NMI 3 Risico indicatoren

Het model berekent risico indicatoren op basis van de emissies en toepassingen in Tabel 1 (waterleven) en Tabel 2 (grondwater, bodemleven en terrestrische natuur). De risico indicatoren zijn uitgedrukt als verhouding tussen de berekende blootstelling en een normwaarde (Exposure Toxicity Ratio).

Voor waterleven wordt de acute blootstelling berekend als de (maximum) piekconcentratie en vergeleken met de norm (LC50; mg/L) voor het meest gevoelige waterorganisme (daphnia, alg of vis). De chronische blootstelling wordt berekend als (maximum) tijdgewogen gemiddelde concentratie over een periode van 14 dagen en vergeleken met het Maximaal Toelaatbaar Risiconiveau (MTR water). Voor bodemleven wordt het (maximum) piekgehalte vergeleken met de acute norm (LD50 of LC50 voor wormen; mg/kg grond), en het (maximum) tijdgewogen gemiddelde gehalte over een periode van 21 dagen met het Maximaal Toelaatbaar Risiconiveau (MTR bodem). Voor de terrestrische natuur wordt de dagelijkse inname berekend voor een standaardorganisme en vergeleken met de acute (LD50) en chronische (NOED) norm voor vogels (mg/kg lichaamsgewicht). Voor grondwater wordt de langjarig gemiddelde uitspoelingsconcentratie op 1 m diepte gedeeld door het drinkwatercriterium (0,1 μg/L).

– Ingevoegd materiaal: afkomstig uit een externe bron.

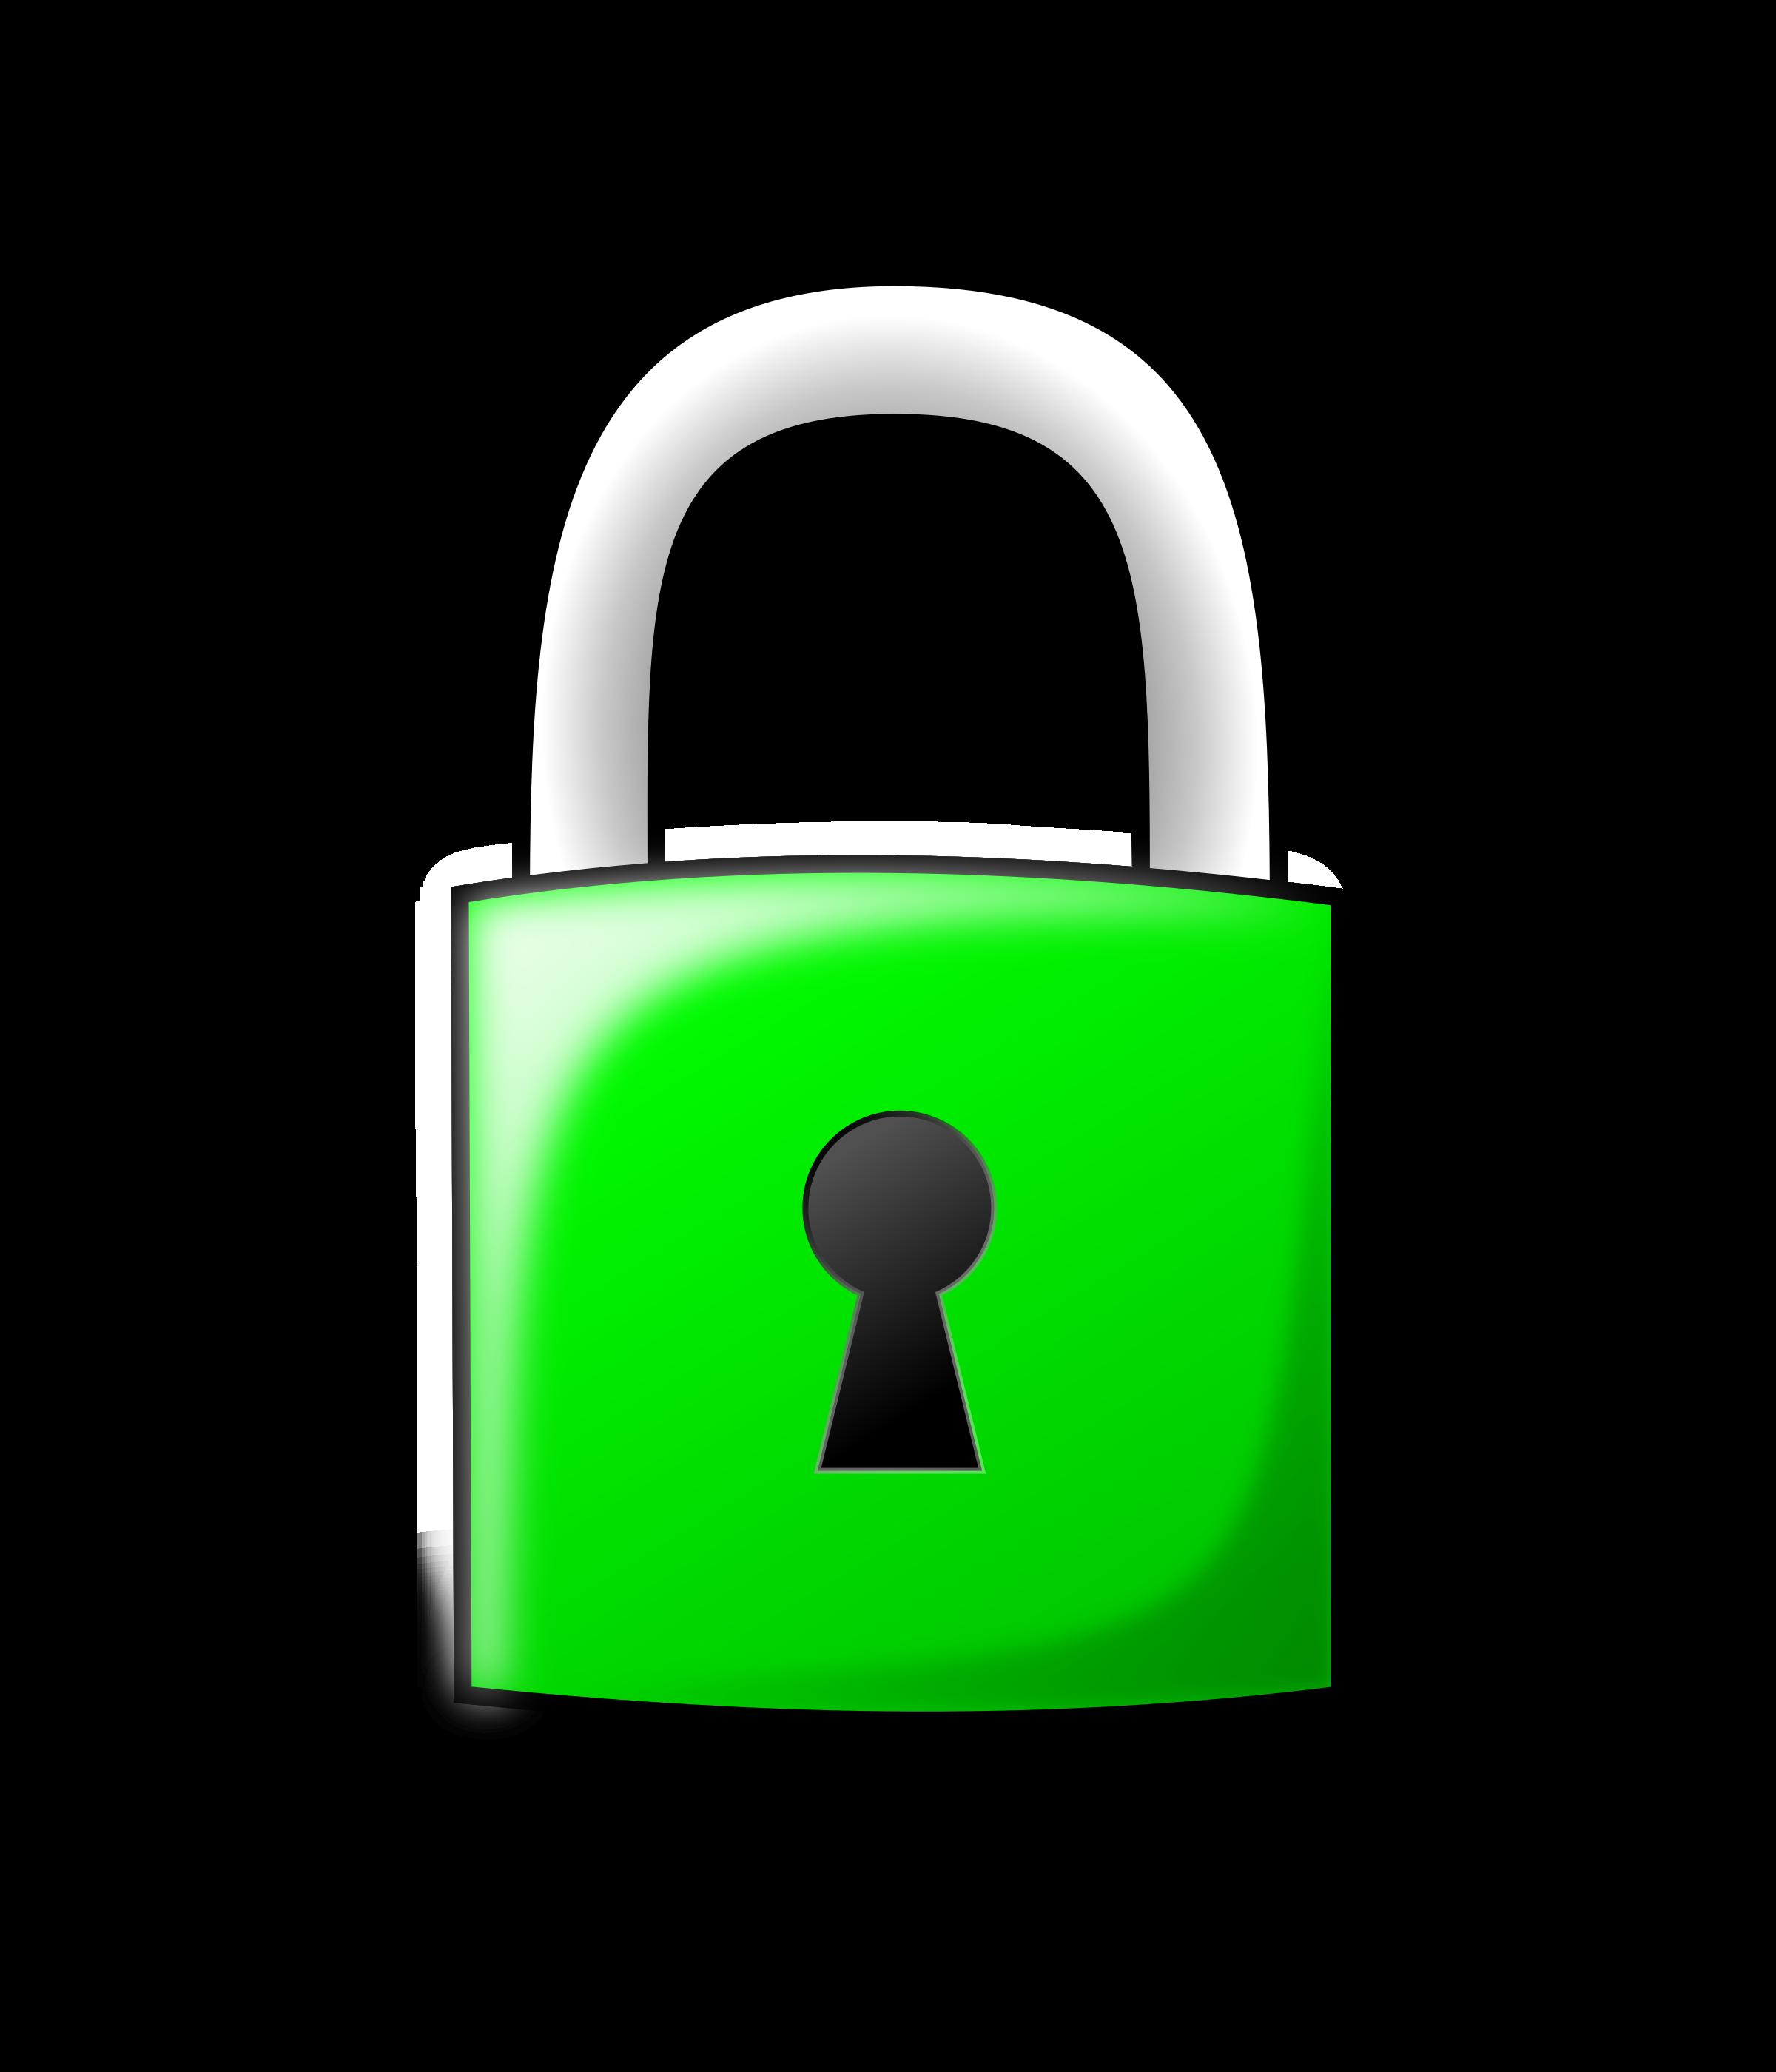 Padlock. Lock clipart simple

Het model NMI 3 als geheel is niet gevalideerd. De NMI 3 bestaat uit een aantal modules (metamodellen) waarvan de belangrijkste zijn afgeleid van modellen met een bepaalde wetenschappelijke onderbouwing en validatiestatus. De onzekerheid in de emissiefactoren en de uitkomsten verschilt per module. In het Noord-Hollands Zandgebied (ca. 200 km2) is de rangorde van stoffen in de uitkomsten van de NMI 2 vergeleken met de monitoringresultaten. De top10 berekend (emissie naar oppervlaktewater op jaarbasis o.b.v. CBS verbruik 2004) en stoffen gemeten (aantal aangetoond, meetperiode 2003-2005) bestond voor 70% uit dezelfde stoffen.